Tafeen left Homestore in the fall of 2001, when accounting irregularities were reported along with other alleged improprieties. In October 2003 he filed a lawsuit against Homestore, claiming the online real estate company owes him $2 million for expenses already incurred, plus unstated sums of future expenses in connection with the federal investigations and lawsuits.
In February, Homestore officials announced that they had reached a settlement to pay up to $11.9 million to support legal costs for Tafeen, and officials earlier announced a separate agreement to pay up to about $15.2 million in fees and expenses related to Wolff’s legal expenses.
Wolff and Tafeen were both charged in a grand jury indictment with conspiracy to violate securities laws, insider trading, creating false books and records and lying to Homestore’s accountants.
The federal criminal lawsuit, filed April 27 in U.S. District Court in Los Angeles, charged Tafeen with conspiracy, filing of false statements with the Securities and Exchange Commission, circumvention of internal auditing controls, and fraudulent insider trading. Wolff is facing similar charges, along with falsification of corporate books and records.

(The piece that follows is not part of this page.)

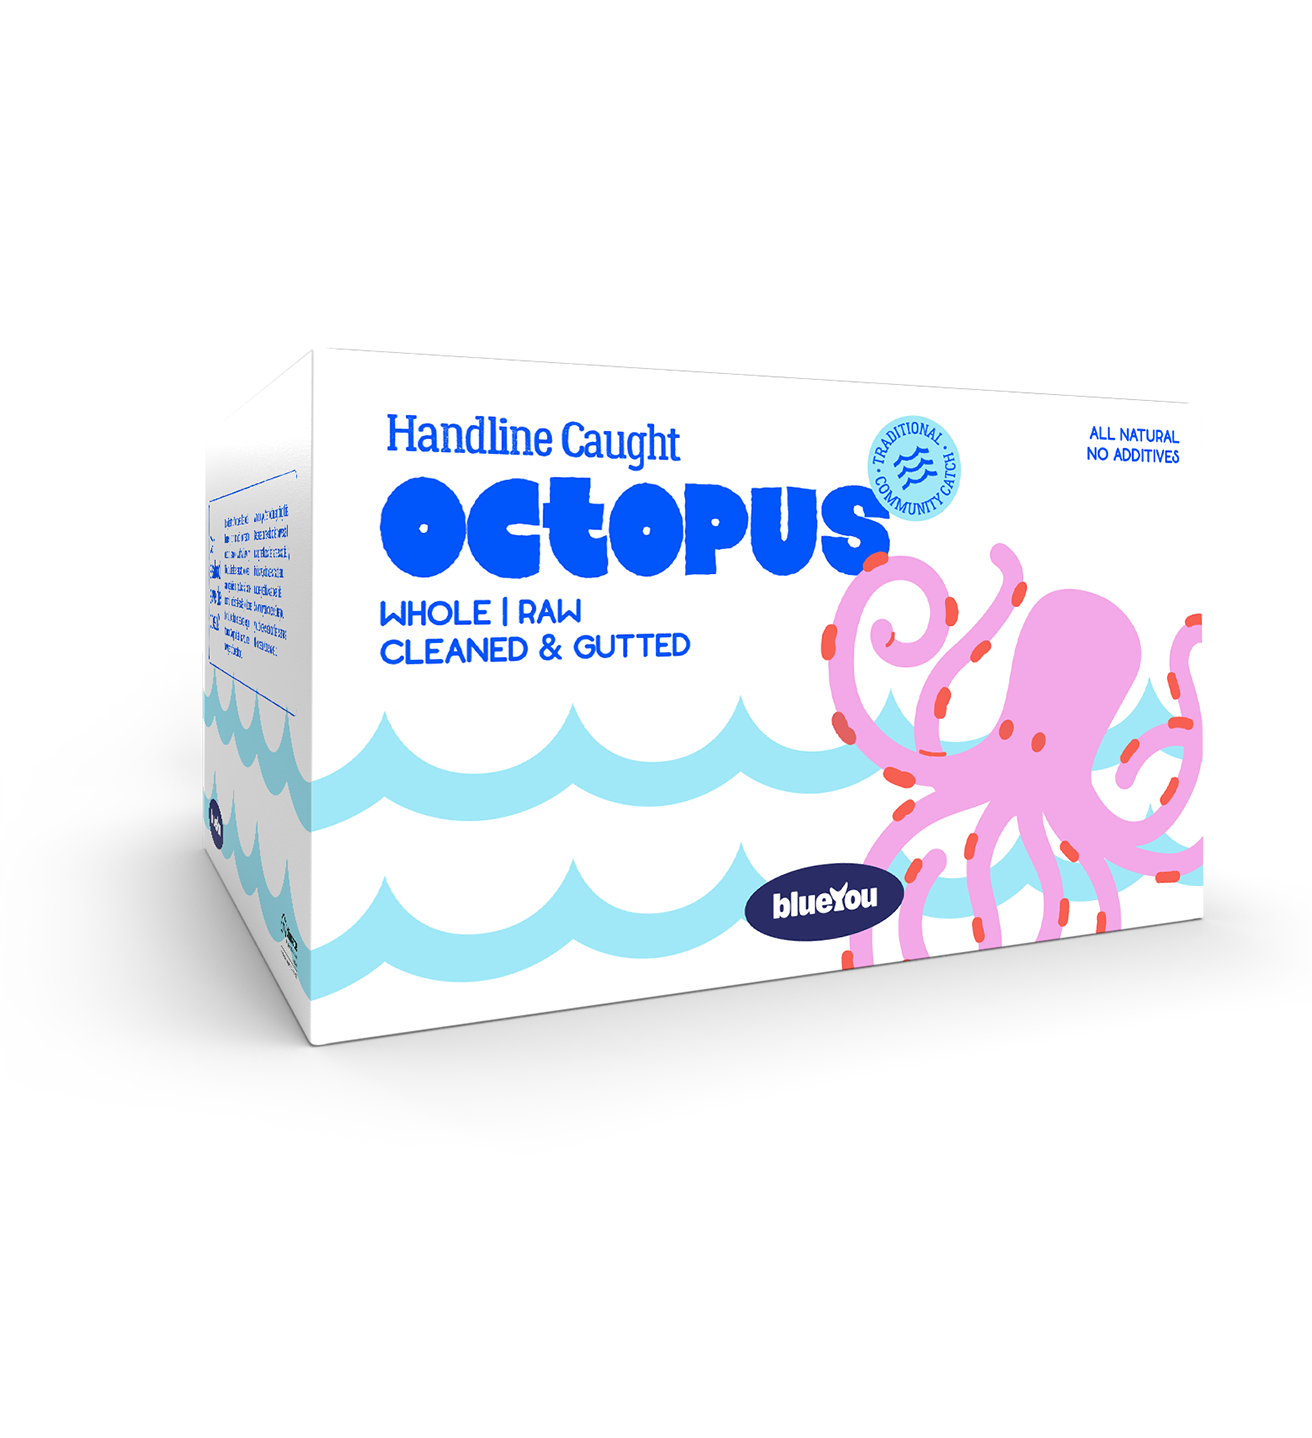 By website pics master Kopie 2 0001s 0021 handlinecaught octopus

Both men faced 19 counts, representing a maximum possible sentence of 185 years in federal prison.
“Every corporation has a responsibility to completely and accurately report its financial condition to its shareholders,” said United States Attorney Debra Wong Yang in a statement. “Every corporation and every executive – no matter how high up the chain of command – that violates this responsibility by cooking the books will be subject to aggressive action by the Justice Department.”
J. Stephen Tidwell, assistant director in charge of the FBI in Los Angeles, said in a statement Thursday, “Today’s guilty plea is gratifying in that an individual in a position of authority, with influence over his subordinates, has taken responsibility for his role in orchestrating and implementing a serious fraud scheme.”
In his plea agreement, Tafeen admitted to helping execute fraudulent “round-trip” transactions and “admitted knowing that Wolff misled investors and analysts about Homestore’s true financial condition and used the September 11, 2001 terrorist attacks as a pretense for Homestore’s financial decline,” according to the announcement.
Bloomberg News reported that Brian Hennigan, Tafeen’s lawyer, said, “(Tafeen is) ready to close this chapter of his life and move on.”
Hennigan told Inman News that sentencing for Tafeen is scheduled for Aug. 28. The federal government will likely call Tafeen to testify as a witness during Wolff’s trial, though Tafeen will have no other participation in that trial, he said.